PROBLEM TO WORK ON ▸ Line by line, transcribe the data below exactly and pass over the images.

STORED DATA ▸
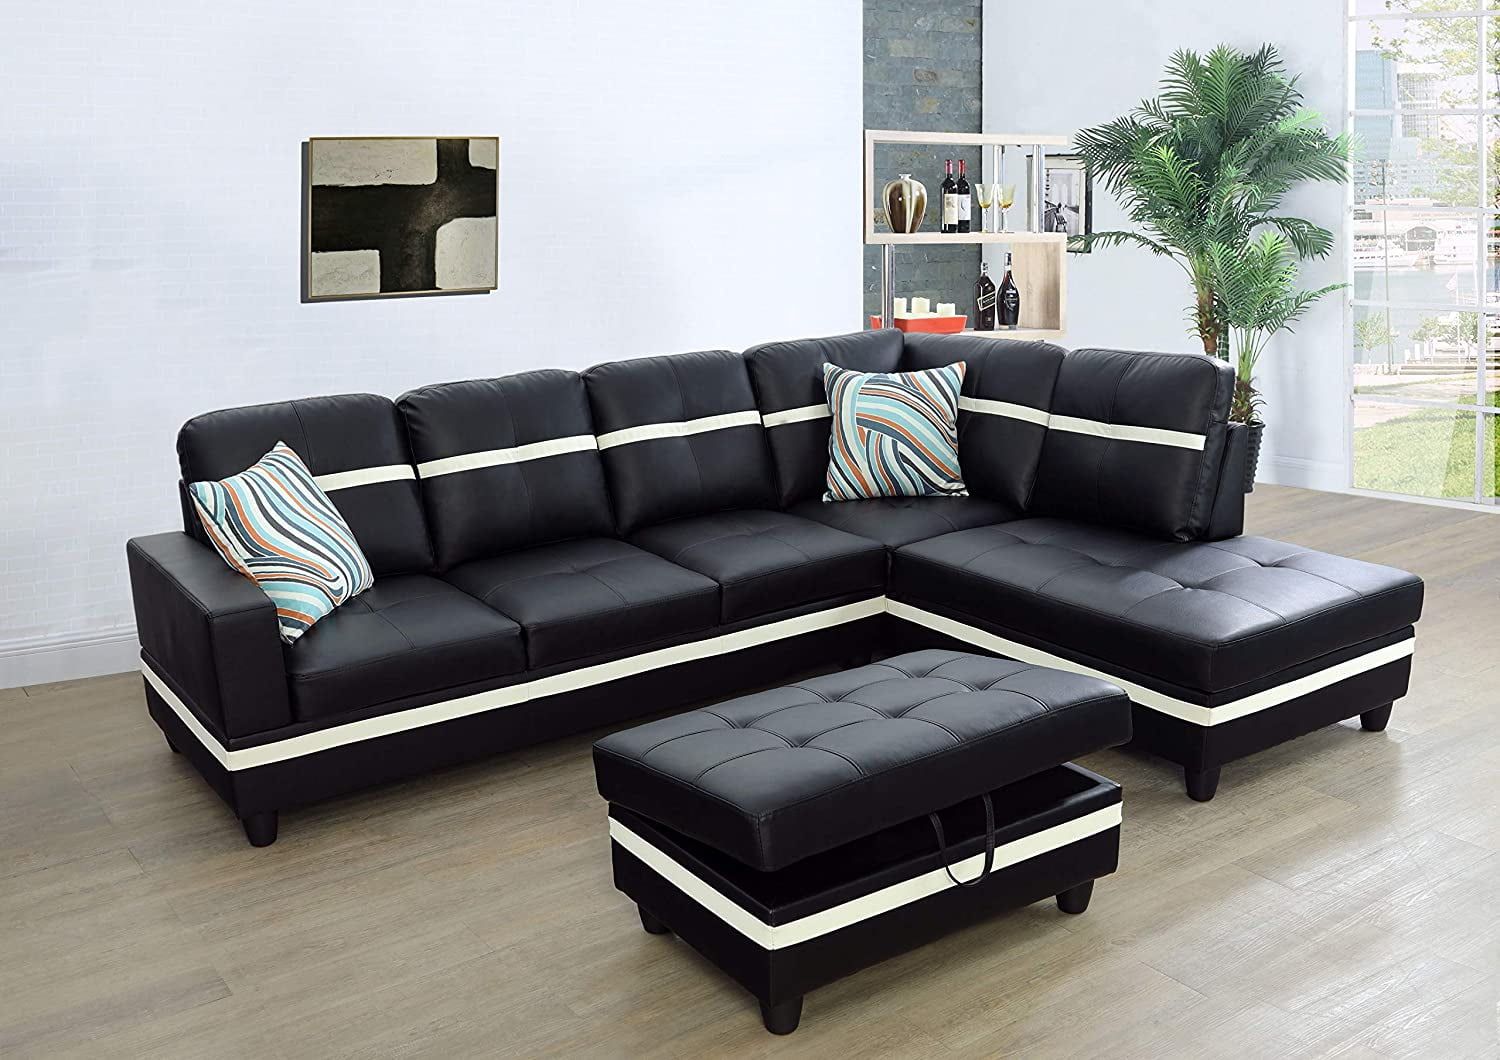 Ponliving Furniture Faux Leather 3 Piece Sectional Sofa Couch Set, L Shaped  Modern Sofa With Chaise Storage Ottoman And Pillows For Living Room  Furniture – Walmart In 3 Piece Leather Sectional Sofa Sets (Photo 13 of 15)
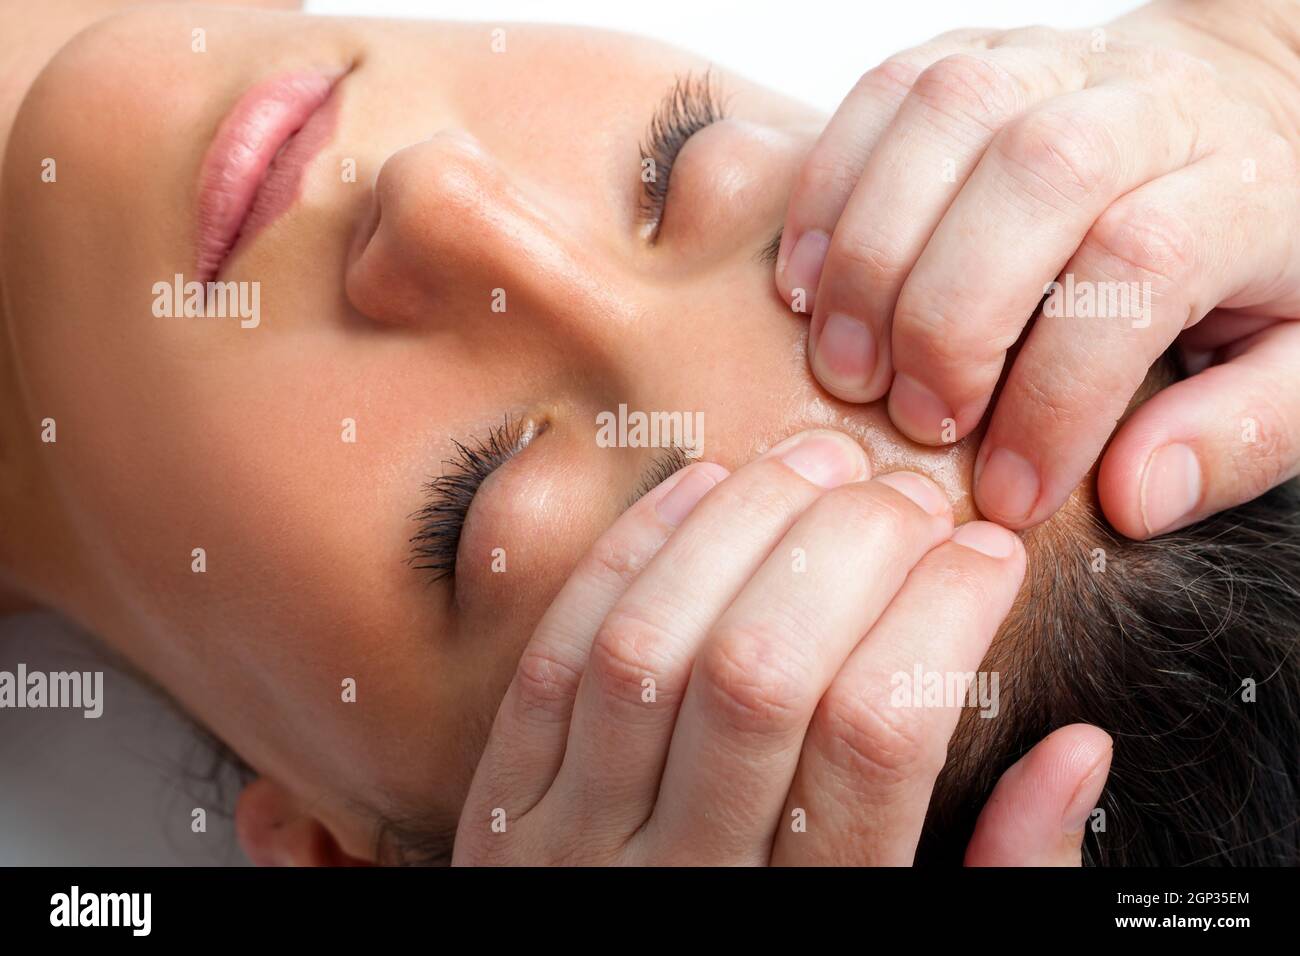 Macro close up face shot of young woman receiving massage. Therapist hand doing manipulative treatment on forehead. Stock Photo
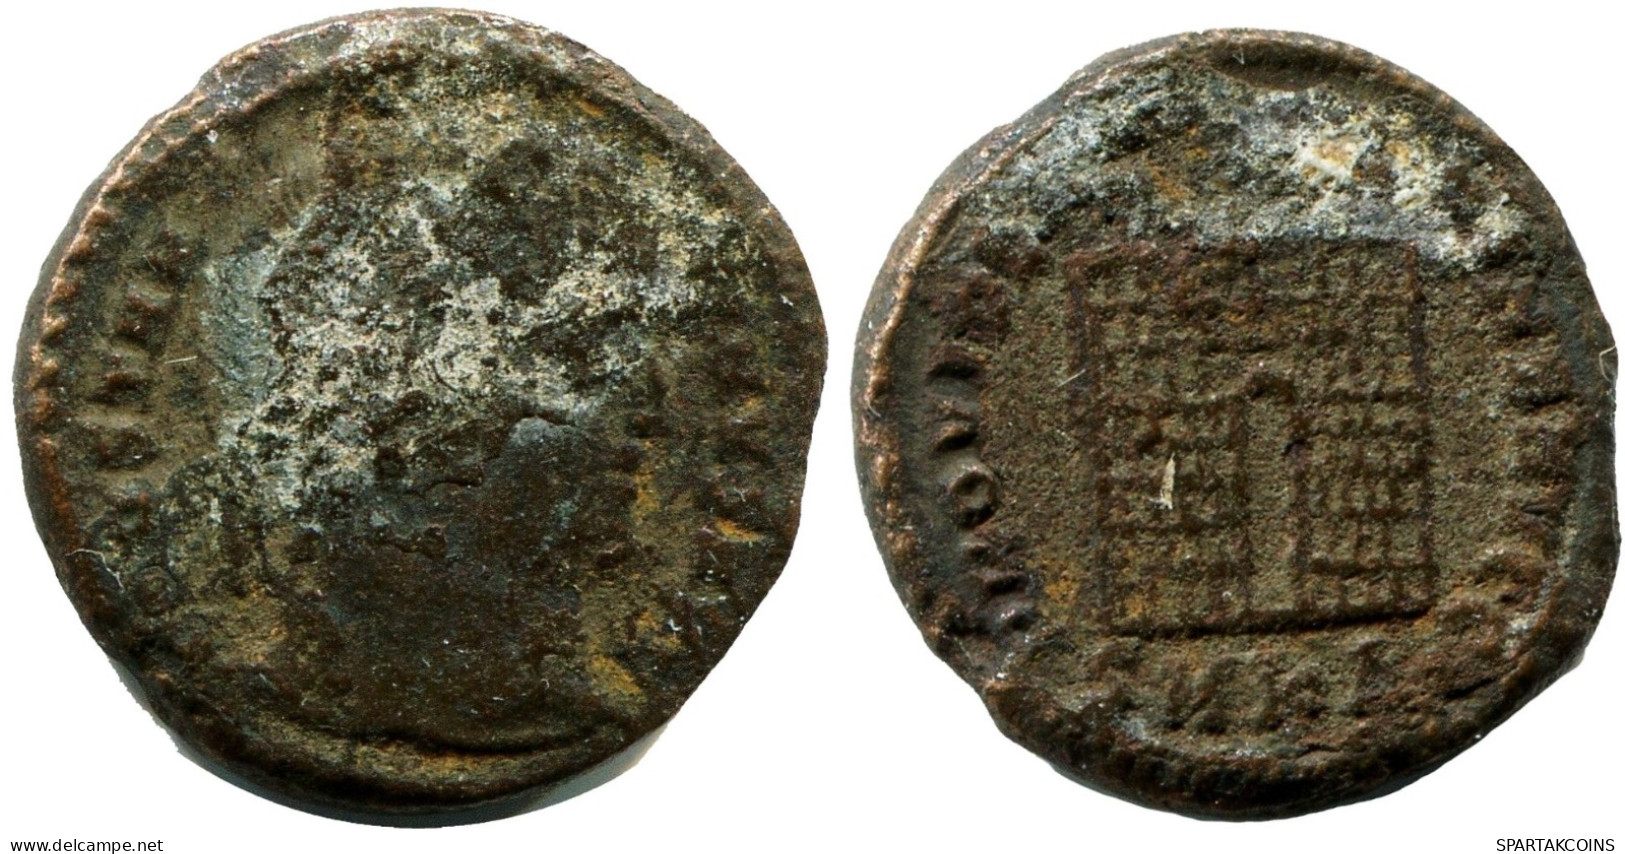 CONSTANTINE I MINTED IN CYZICUS FOUND IN IHNASYAH HOARD EGYPT #ANC11005.14.D.A - The Christian Empire (307 AD Tot 363 AD)
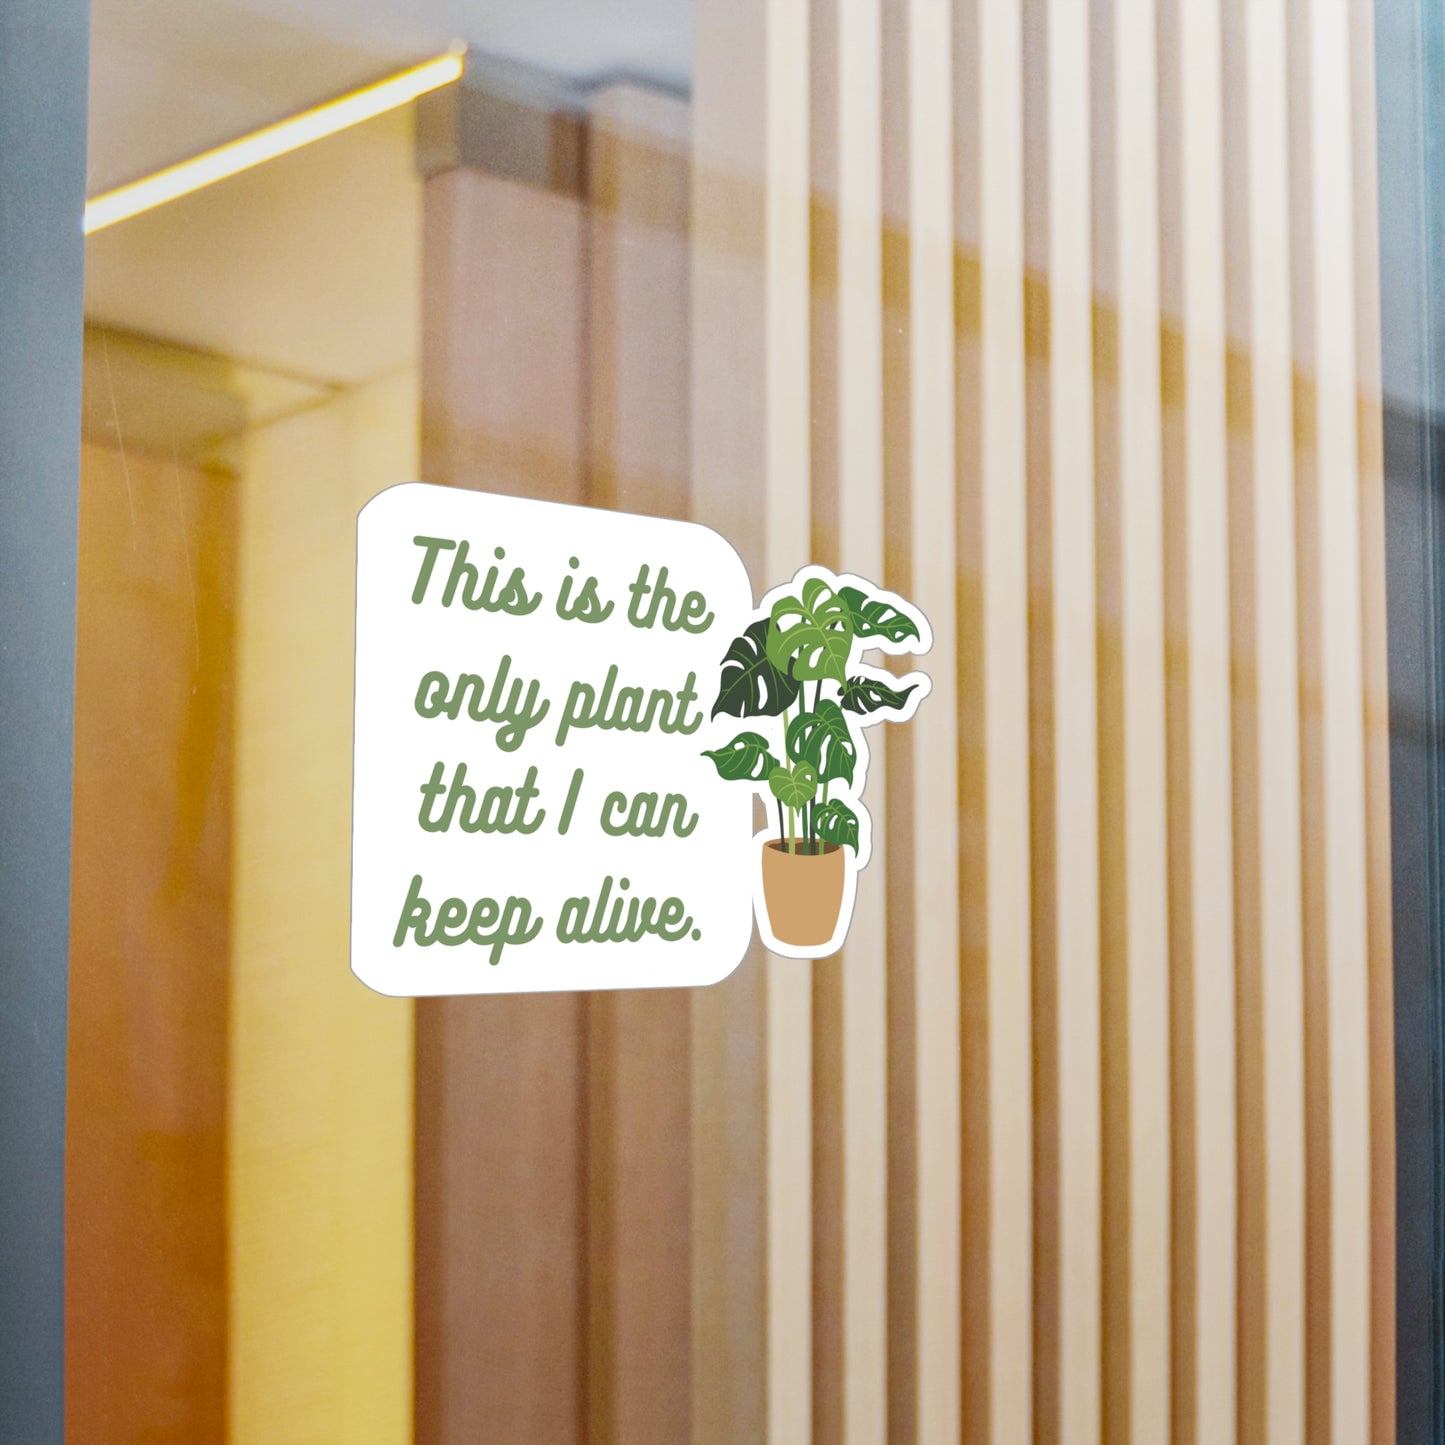 This is the only plant that I can keep alive | Sticker, Plants

WRITTEN RESPONSE ▸
 Ponliving Furniture Faux Leather 3 Piece Sectional Sofa Couch Set, L Shaped  Modern Sofa With Chaise Storage Ottoman And Pillows For Living Room  Furniture – Walmart In 3 Piece Leather Sectional Sofa Sets (Photo 13 of 15)
 Macro close up face shot of young woman receiving massage. Therapist hand doing manipulative treatment on forehead. Stock Photo
 CONSTANTINE I MINTED IN CYZICUS FOUND IN IHNASYAH HOARD EGYPT #ANC11005.14.D.A - The Christian Empire (307 AD Tot 363 AD)
 This is the only plant that I can keep alive | Sticker, Plants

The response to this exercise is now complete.